01 Jun FED FUNDS FOR GREEN COAL TO HELP KILL ‘BUSH CANCER’
The tide may soon turn on the damage wrought to rural Queensland by the noxious prickly acacia weed.
A federal funding injection into a western Queensland project, which turns the damaging weed into a valuable carbon-neutral energy source, will help bring the ground-breaking renewable energy plant to life.
Long-time supporter of the project Katter’s Australian Party (KAP) Leader and Traeger MP Robbie Katter welcomed the money for Green Day Energy, which plans to build a $30 million plant in Richmond to turn prickly acacia weed into a torrefied product – a carbon-neutral alternative for coal.
Founder Brad Carswell said the company was set to receive $5 million from the federal Securing Raw Materials Program, which would help build a mobile torrefaction plant and conduct a pilot program as a “proof of concept” for commercialisation.
The torrefied product was ideal for use in cogeneration power plants and suitable to export to Japan, the United Kingdom and throughout Europe.

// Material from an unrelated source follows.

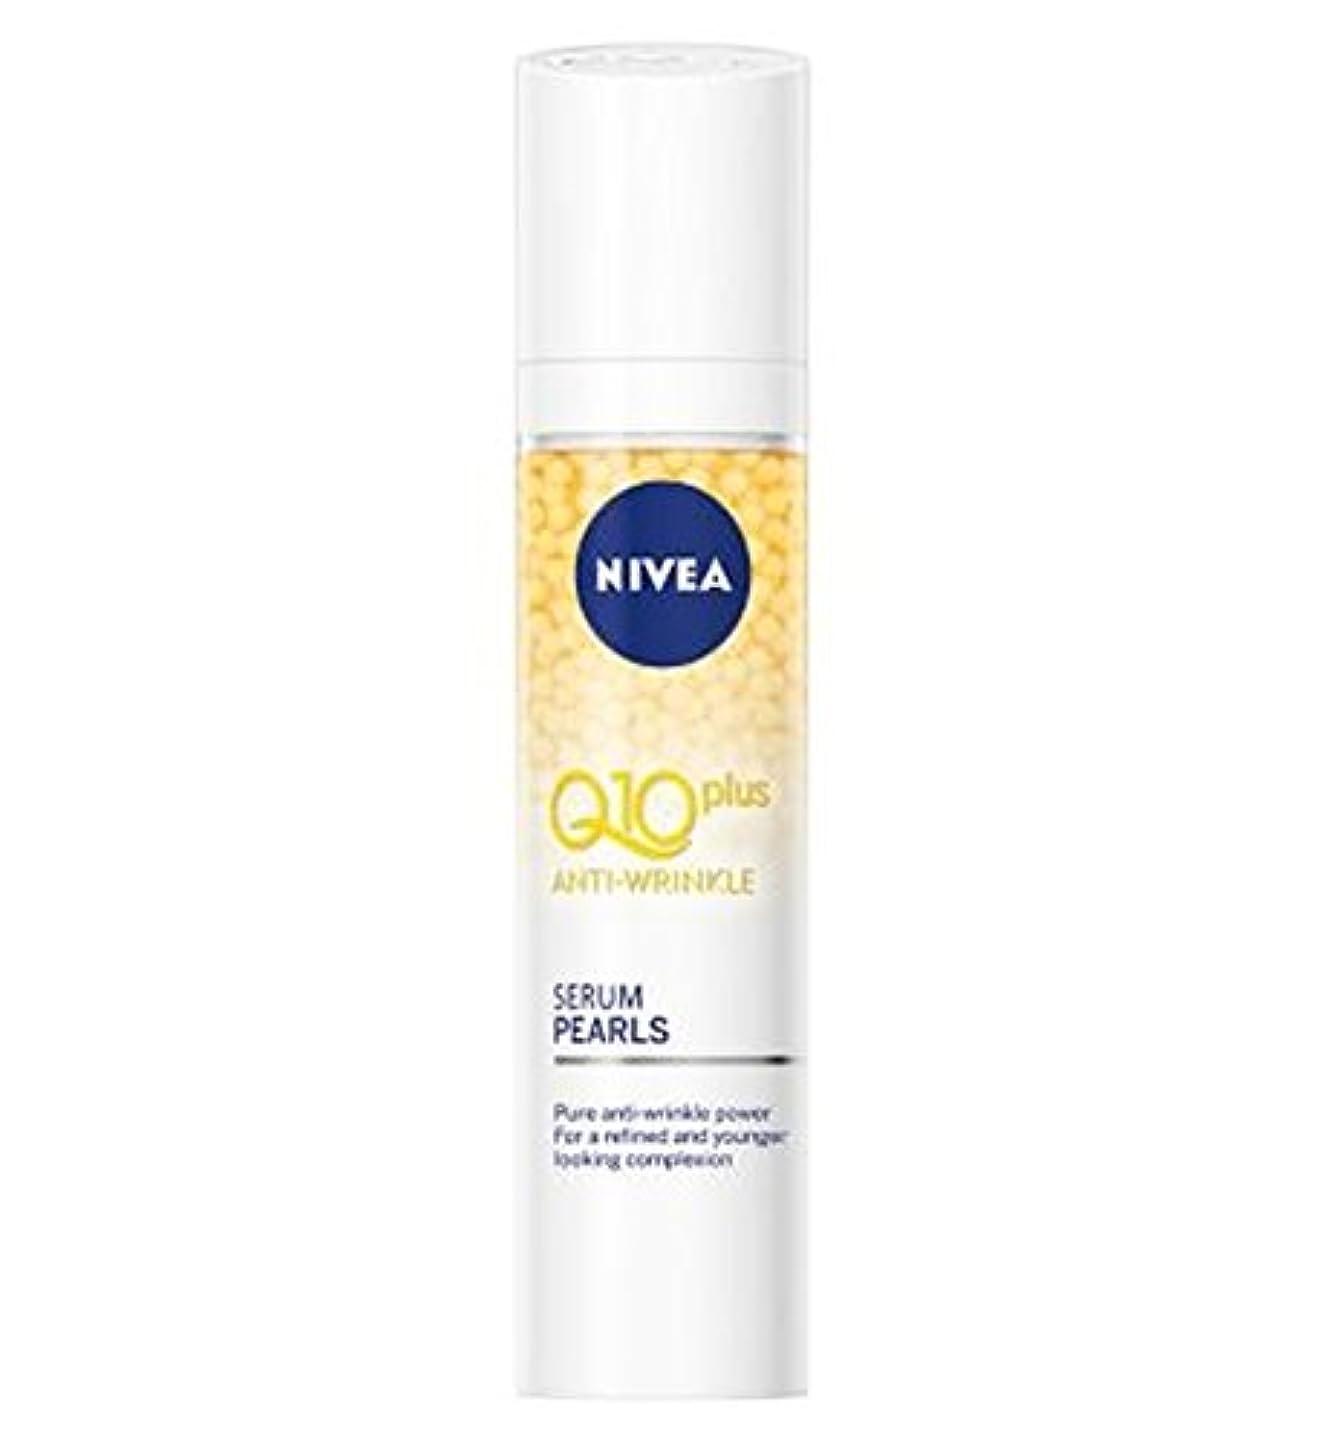 トリップシーン課すNIVEA? Q10 Plus Anti-Wrinkle Serum Pearls 40ml - Nivea?Q10をプラス抗しわ血清真珠40ミリリットル (Nivea) [並行輸入品]

The current worldwide demand for carbon-neutral product was 15 million tonnes per year, predicted to rise to 50 million tonnes within a decade, with torrefied products boasting an impressive 24GJ of energy per tonne.
Mr Carswell said Queensland could be front and centre of the forecast surge in demand.
He said Stage 2 of the project would involve green hydrogen produced from bio-char – at a production rate of 100,000 tonne of bio-char, 21 million kilograms of green hydrogen can be produced annually.
Mr Carswell thanked the Federal Government for identifying the prickly acacia issue and allocating funds to the new project.
“Green Day Energy believes this will deliver a triple bottom line, with economic and social benefits to the region while delivering an environmental outcome,” he said.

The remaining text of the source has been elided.